If bias science is going to be useful outside the classroom, it has to show up then. That’s what Untilt tries to be. Not a coach, not a personality quiz, not an oracle that tells you what to do — true, in other words, to my refusal to prescribe. A map you consult just before you decide, and that lets you decide.
What’s inside
50 cognitive biases, 37 decision types, in English and French. Two ways in:
- Manual. You describe the situation, pick the decision type, and the app surfaces the biases most likely to apply — each with a description, scientific sources, and a few strategies for stepping back from it.
- AI-guided. You describe the situation in free language; a model call classifies it and proposes the likely biases — which then drop into the same mechanic as the manual path.
No account. No tracking cookies. The full knowledge base is bundled inside the app, with bilingual full-text search and references to the source papers for anyone who wants to check the work. The underlying move is the same as for everything I build: since I can create just about any application with AI, I make one whenever no service fits my need exactly.

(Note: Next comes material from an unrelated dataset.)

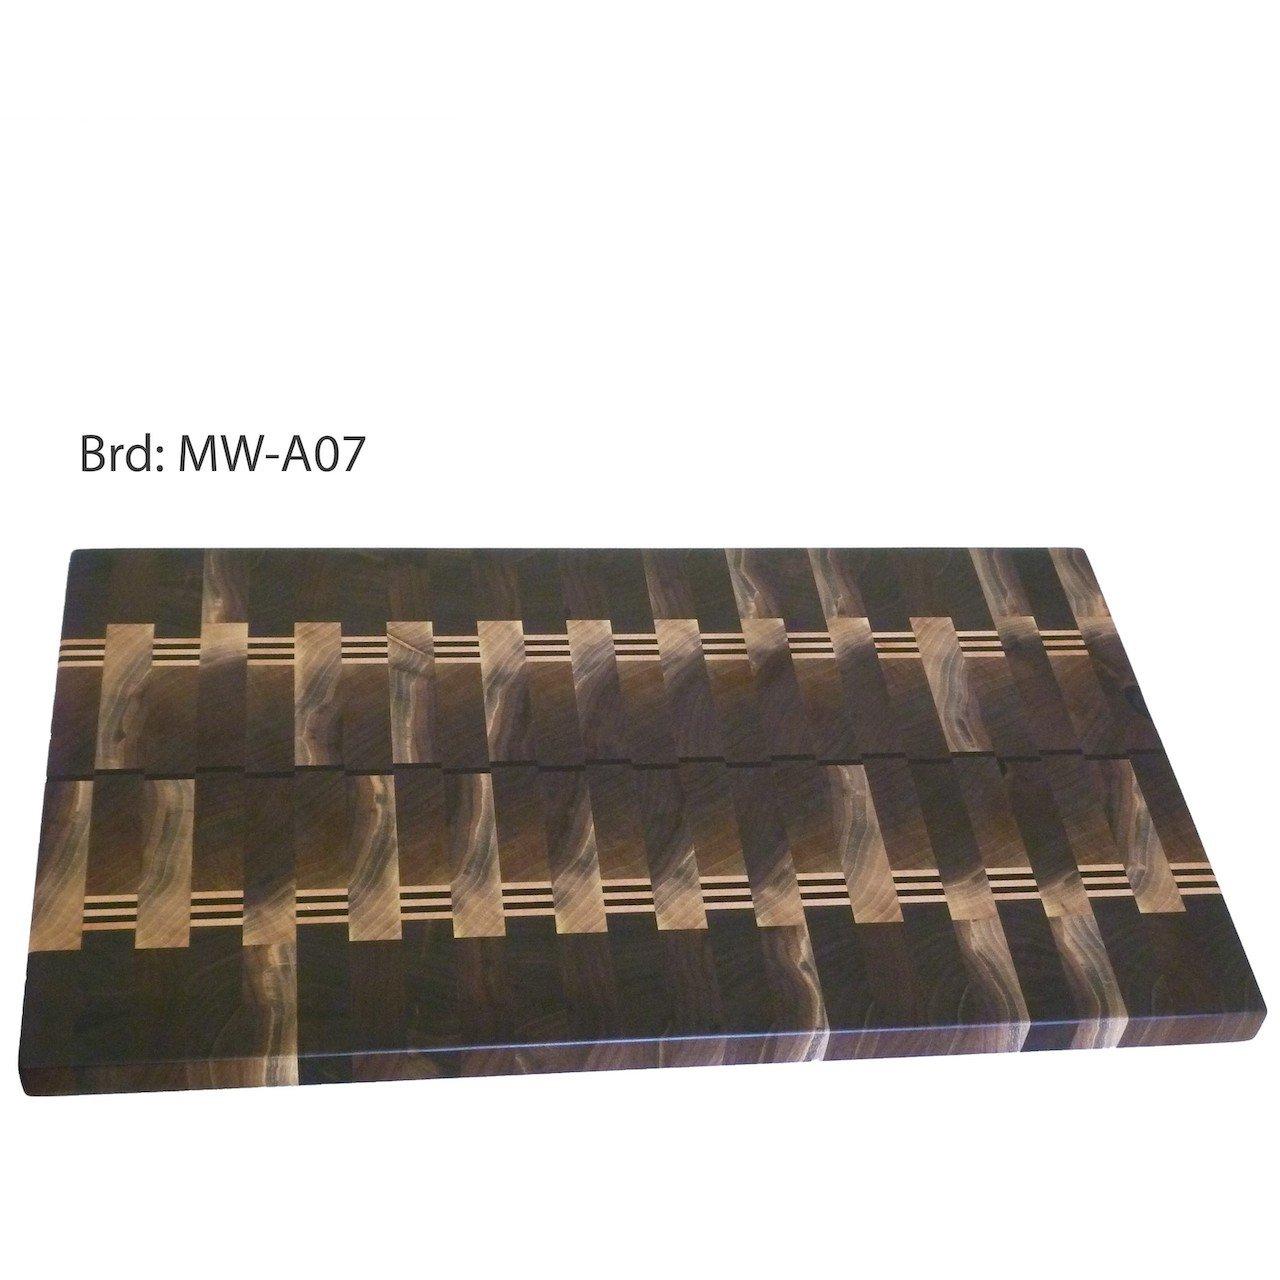 MW-A07

P.S. — The map keeps growing. The bias × decision matrix was drafted mostly by Claude, from the scientific literature and the materials of my course; it expands in batches, whenever my Claude Max plan has room — a build detail that, along the way, changed how I work. It’s why the numbers feel both precise and provisional. And if you’ve read this far telling yourself you’d already put in enough time not to stop now — well, you now know what that’s called.